19 thoughts on “Impeachment is usually the wrong tool”

  1. In total agreement with you. I am no fan of this boob, but he committed no crimes. I just wish the party of Trump would actually do something besides grandstand and look stupid and subservient to their great leader. Alas, this is not the same GOP as in the past.
    And, I’m also no fan of Biden, but the alternative is unthinkable.
    I’m so pissed that he did not stand by his word to be a one term bridge president. The hubris must come with being in the office.

    1. He said “bridge,” and many heard “one term.” He may have implied it, but did not say it.
      And, IF he meant one term, he should have picked a better vice president. I am stll stunned that he picked a woman who called him a racist, in effect.

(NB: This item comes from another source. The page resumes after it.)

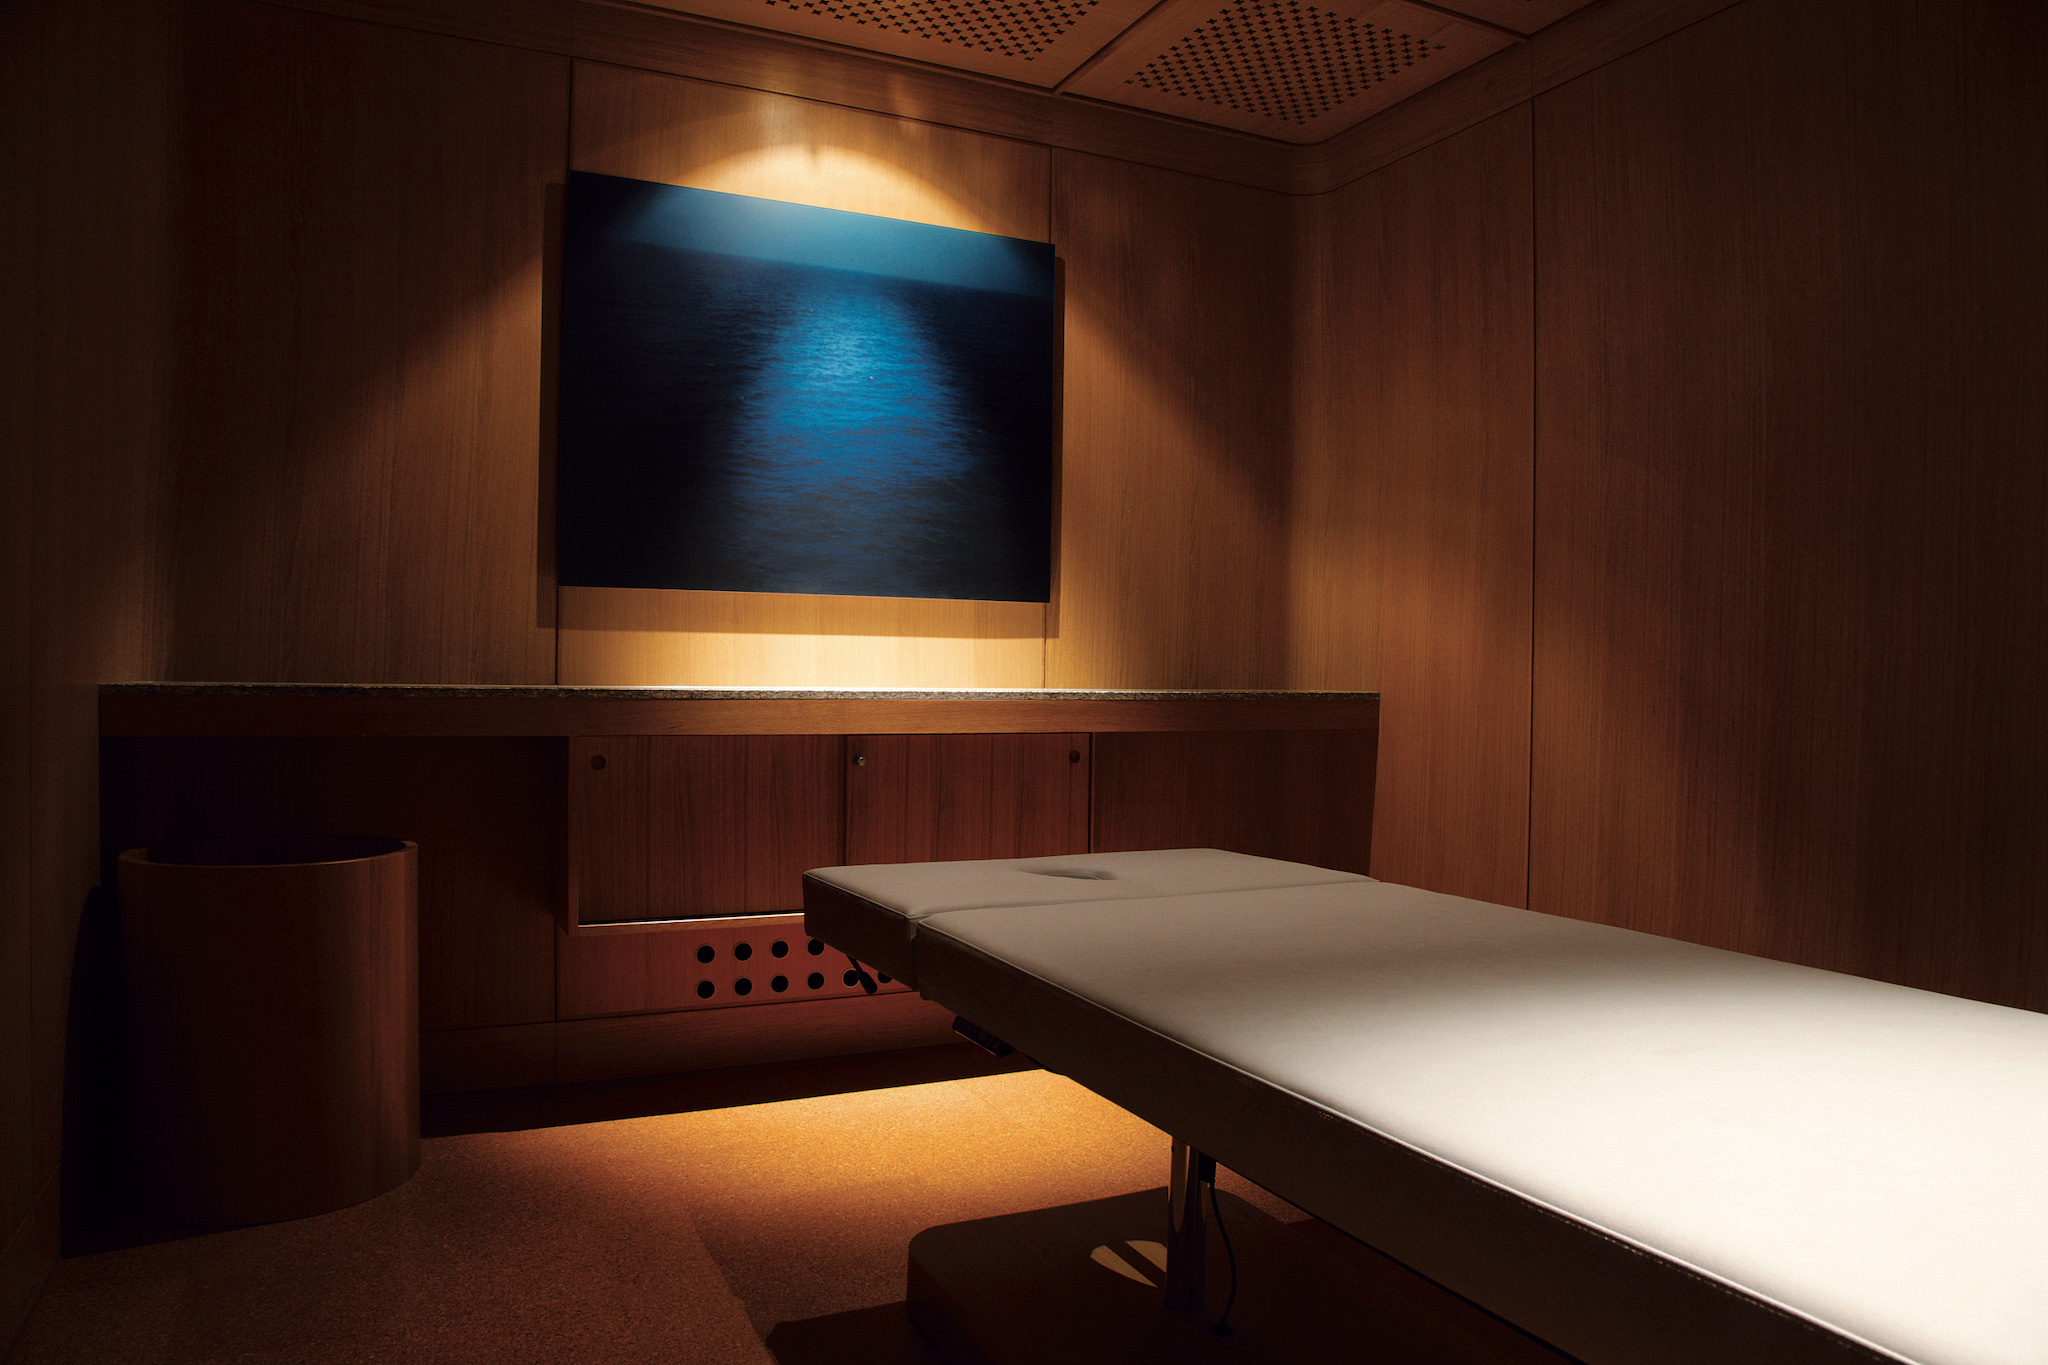 The Omnia, massage table

  2. This is absolutely correct. However, I must disagree with regard to the Trump impeachments. If one believes that the orange asshat instigated an insurrection, or that he tried to pressure the leader of Ukraine into manufacturing dirt on the Bidens, or that he tried to bully the Georgia Attorney General (and many others) to not accept the results of a fair election, or that he participated in a scheme to produce fake Electors who would not accept the lawful decision of the people, or that he violated the emoluments clause of the Constitution and profited in a big way from the Presidency, THOSE, sir, is legitimate reason for impeachment. You may not agree that Trump did any of those things, but opinions on that clearly vary.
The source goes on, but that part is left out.